Cité dans l’affaire de l’ancienne ministre de l’Industrie, Djamila Tamazirt, mise en détention provisoire la semaine passée dans une autre affaire de corruption, le groupe Amenhyd a réagi contre ce qu’il considère comme des «contre-vérités» qui portent atteinte à l’image de l’entreprise.
Le groupe, par la voix de ses gérants et de ses avocats conseils, se dit «indigné» par les informations diffusées la semaine passée dans le sillage de la décision du Pôle pénal spécialisé dans la lutte contre le crime financier et économique près le Tribunal de Sidi M’hamed (Alger) de mettre en prison l’ancienne ministre.

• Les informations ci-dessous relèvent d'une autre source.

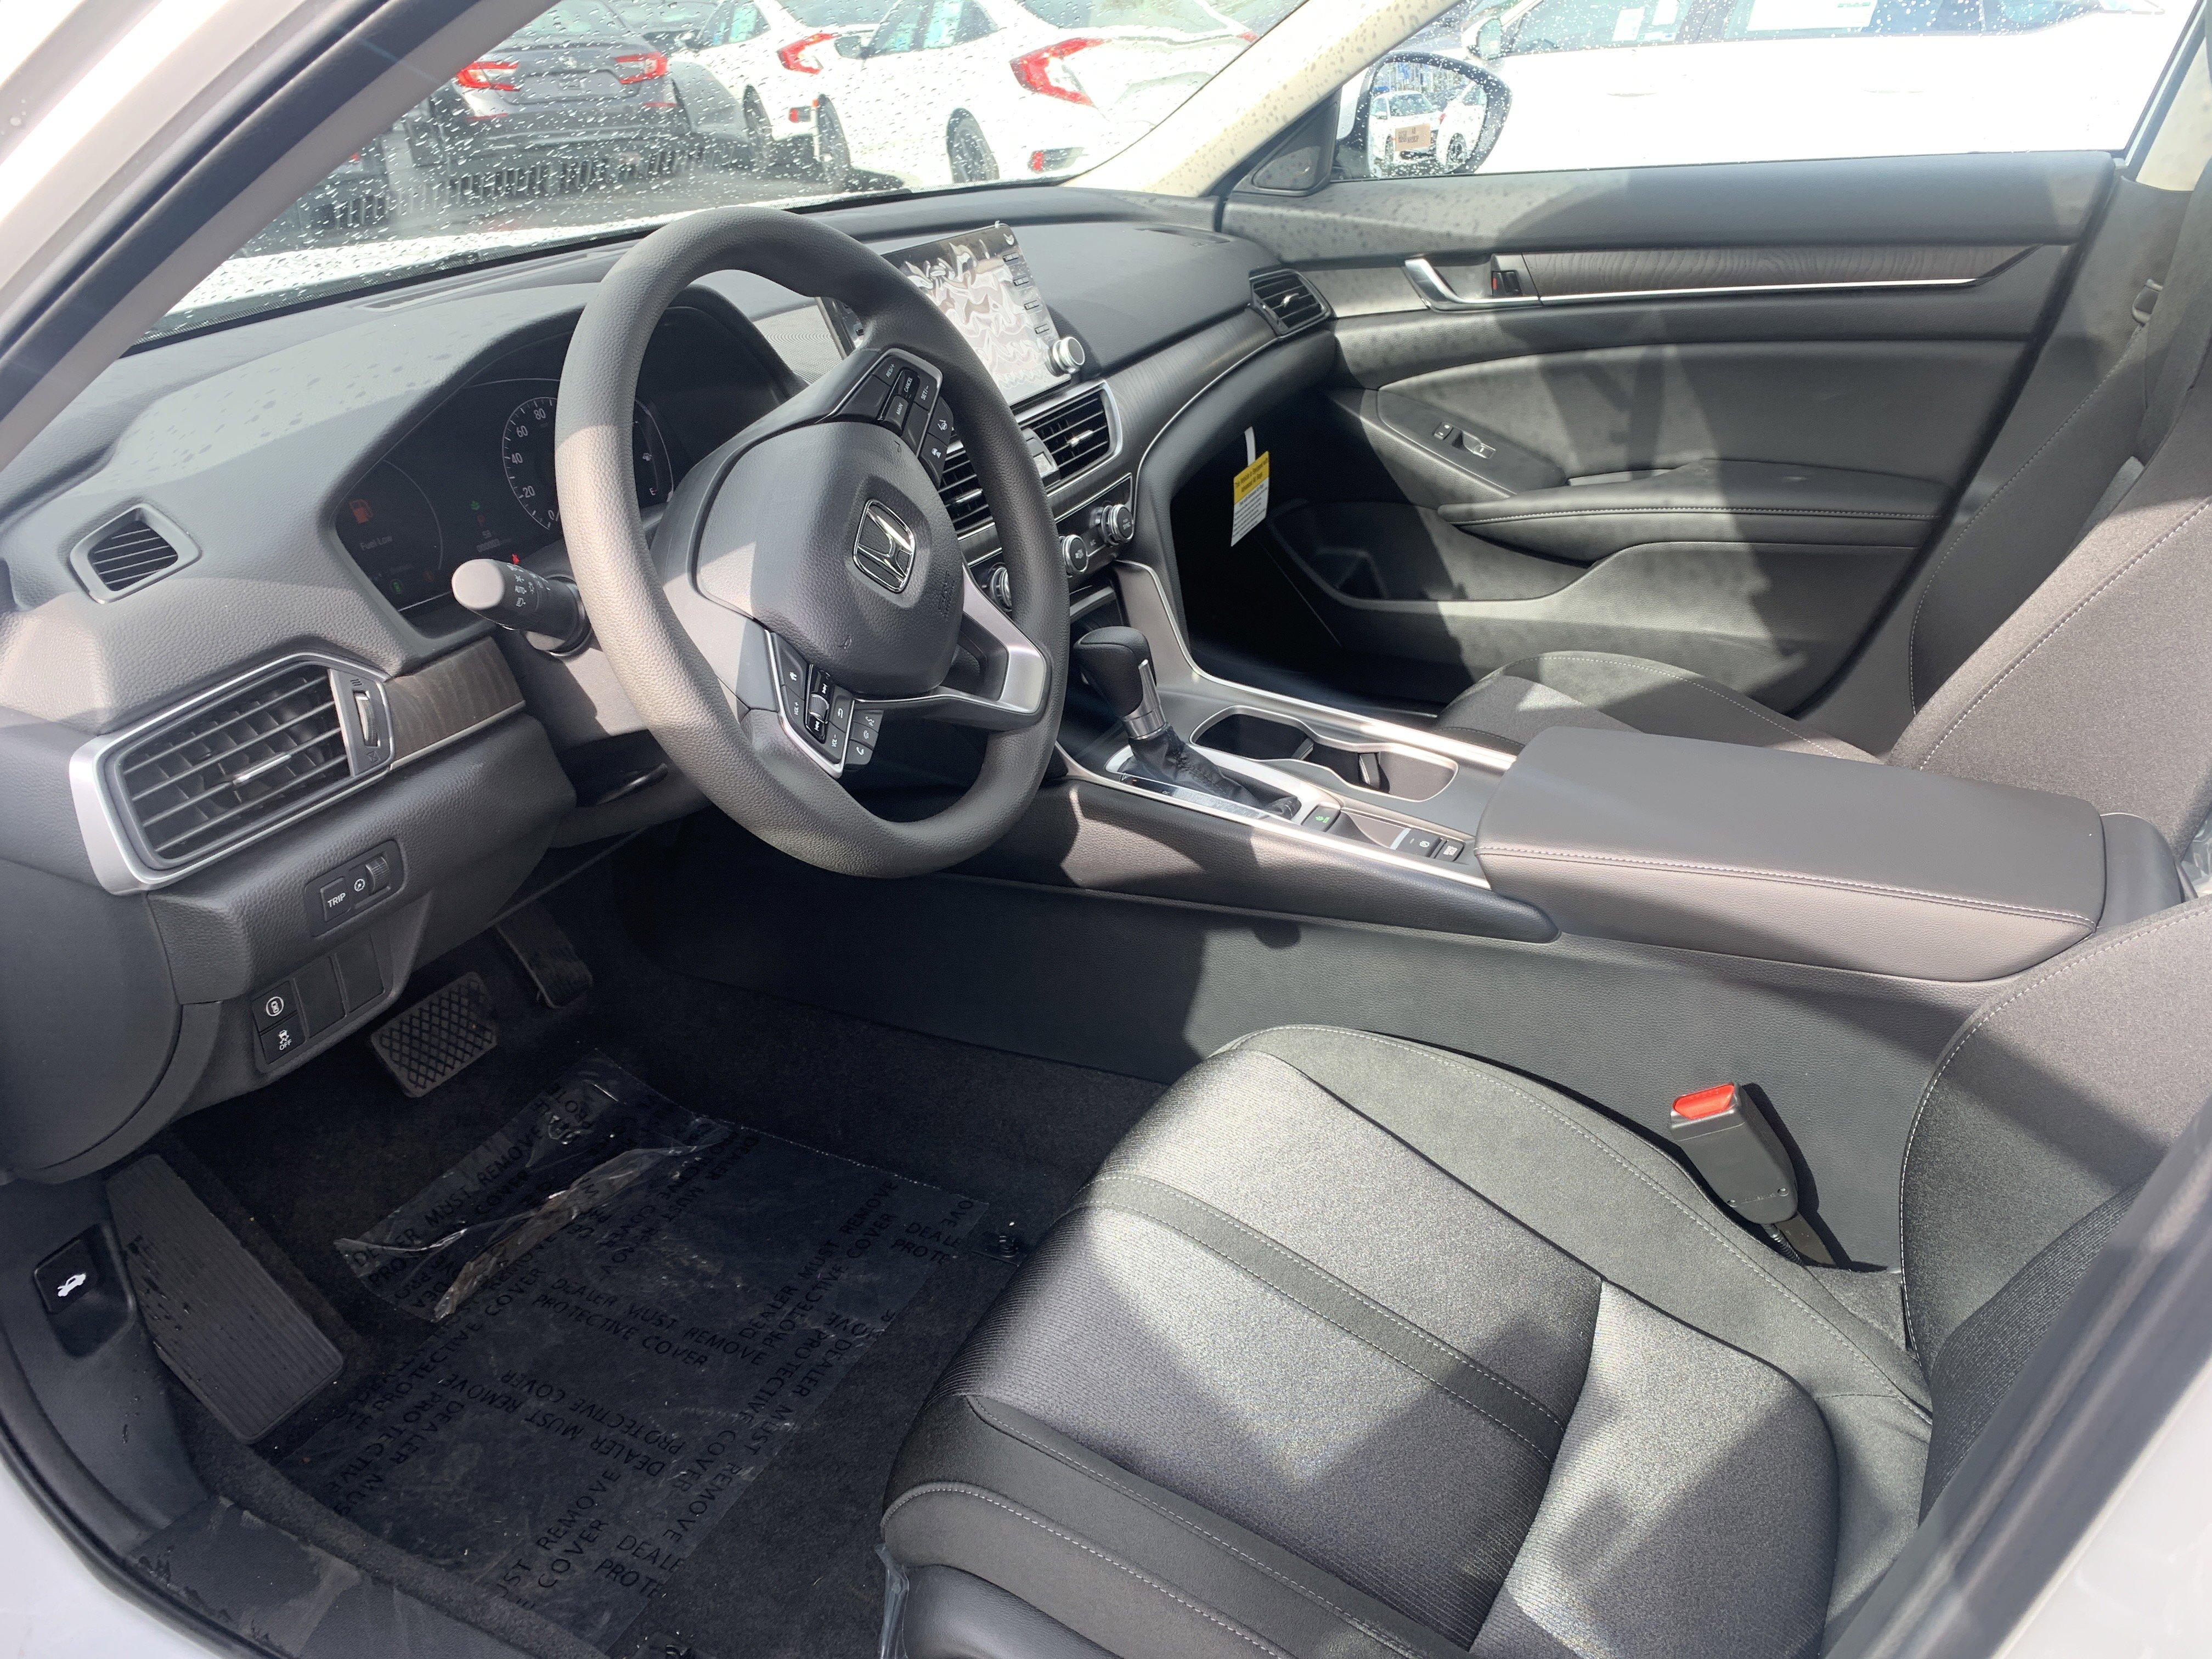 New 2020 Honda Accord Sedan EX 1.5T

En effet, «la contre-vérité» selon laquelle l’ancienne ministre est accusée, dans cette nouvelle affaire, de «détournement de deniers publics et octroi d’indus avantages au groupe industriel Amenhyd», est jugée «inadmissible» par le groupe, qui nie tout lien avec Tamazirt, ni d’avoir bénéficié de «largesses» de sa part quand elle était en poste.
«Dans le souci de rétablir les vérités, il y a lieu de retenir que ni le groupe Amenhyd ni ses dirigeants ou actionnaires n’ont bénéficié, et ce, depuis la création du groupe, de quelques avantages que ce soient ni de la part de l’ex-ministre de l’Industrie, Djamila Tamazirt, ni de la part de tout autre ministre ou responsable à quelque niveau de la hiérarchie», peut-on lire dans un communiqué du groupe.

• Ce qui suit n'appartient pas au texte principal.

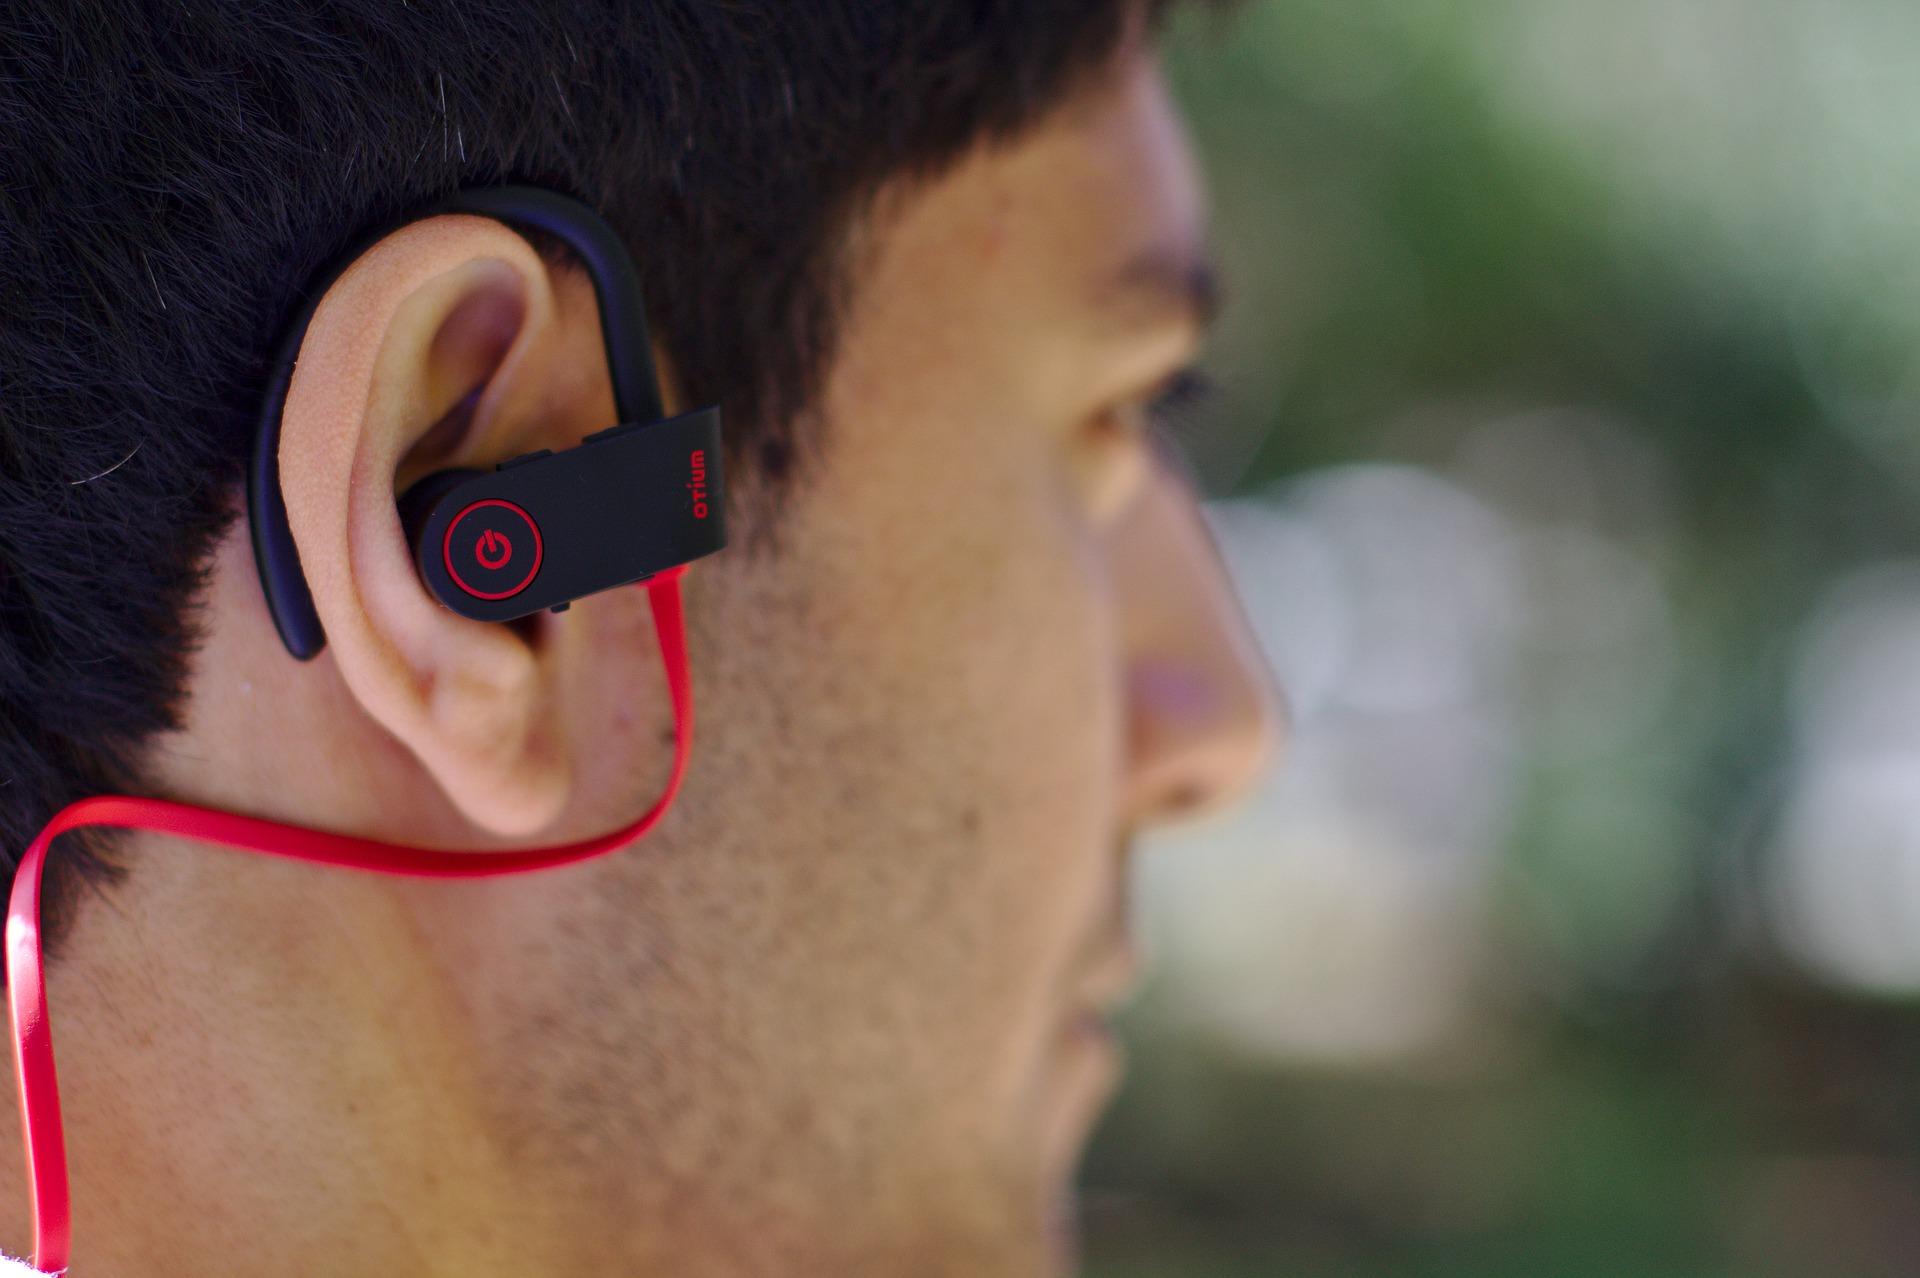 Man Wearing a Bluetooth Earpiece

Visiblement agacé par l’évocation du nom du groupe dans ces dossiers de corruption, Amenhyd crie son innocence, martelant que ses activités «ne souffrent d’aucune irrégularité» et que ses actions «ne présentent aucun manquement» à la réglementation en vigueur. «Elles ne résultent, en tout état de cause, d’aucun passe-droit ou de quelque entorse que ce soit à la réglementation», soulignent les rédacteurs du communiqué, pour qui les dirigeants du groupe «ne sauraient permettre à ce que les efforts des travailleurs et l’abnégation des dirigeants ne soient attribués à une accointance supposée avec telle ou telle partie du pouvoir».

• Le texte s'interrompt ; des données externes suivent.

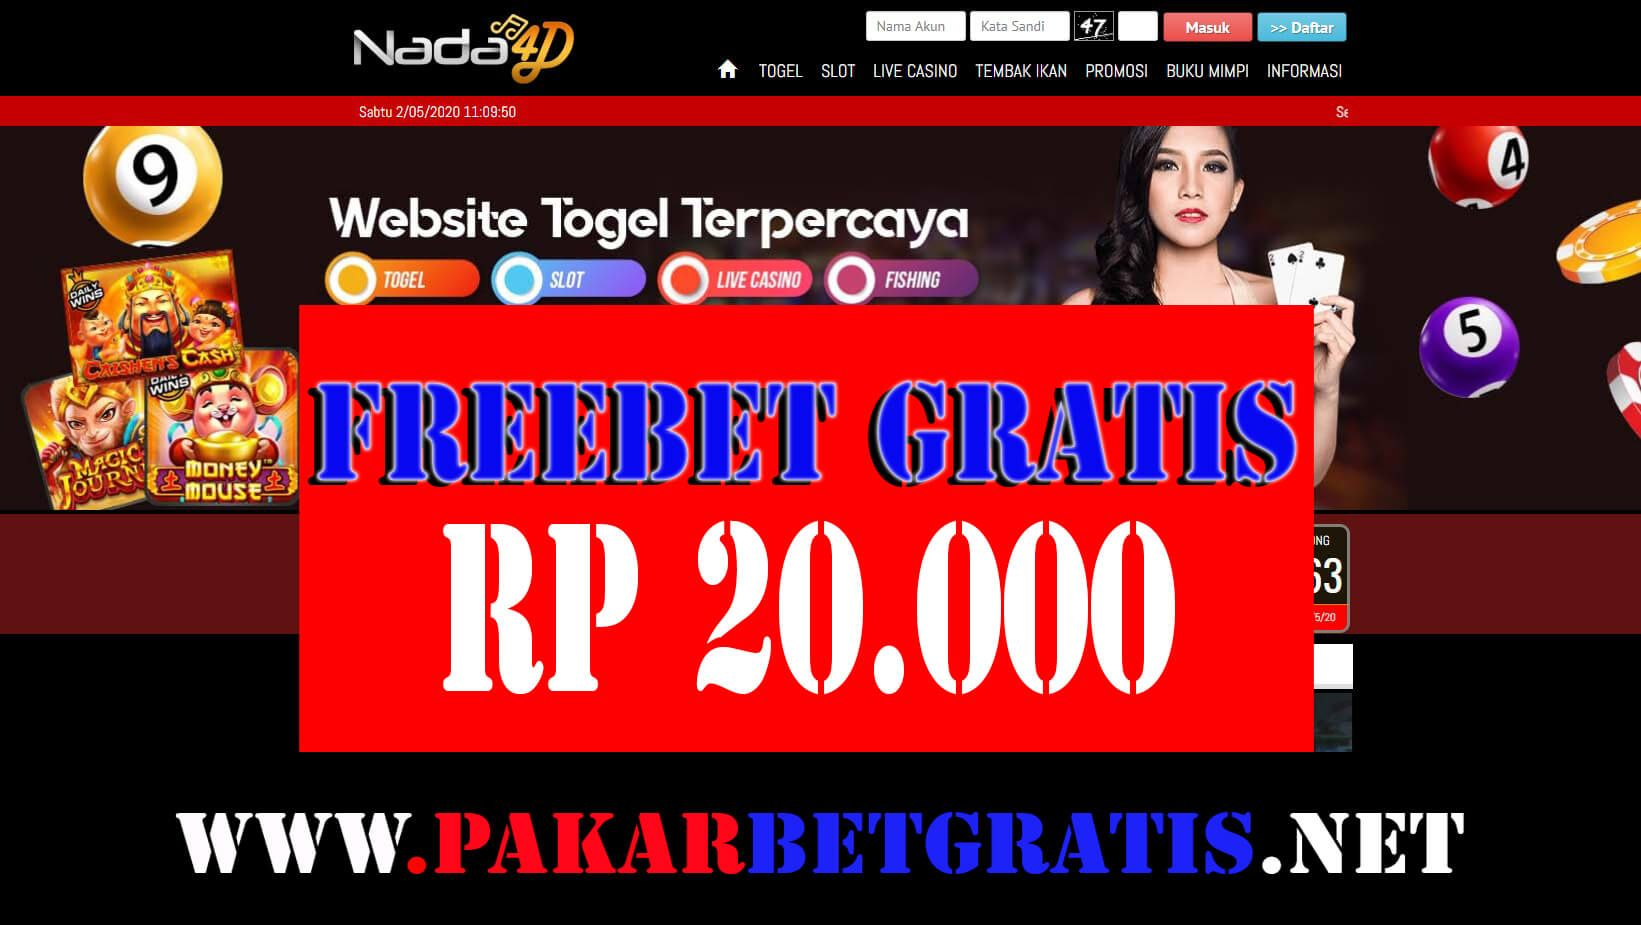 Nada4d Freebet Gratis Rp 20 000 Tanpa Deposit Website Uang Poker

Dans le même document, il est écrit que «les fondateurs du groupe n’ont jamais entretenu quelque relation, et de quelque nature que soit, avec quelques réseaux d’influence, personnes et autorités, celles ayant exercé dans le passé ou celles exerçant présentement». Dans son plaidoyer, Amenhyd tient à souligner que le groupe s’est développé grâce aux propres ressources de ses actionnaires, ajoutant que l’entreprise, qui active dans le secteur de l’hydraulique, l’environnement et l’aménagement, a honoré ses obligations fiscales et parafiscales estimées à hauteur de plus de 16 milliards de dinars pour les trois derniers exercices.
Le groupe Amenhyd continue, faut-il le rappeler, ses activités en dépit de la mise en détention depuis août 2019 de son P-DG, Djamel Eddine Chelghoum, et de son frère.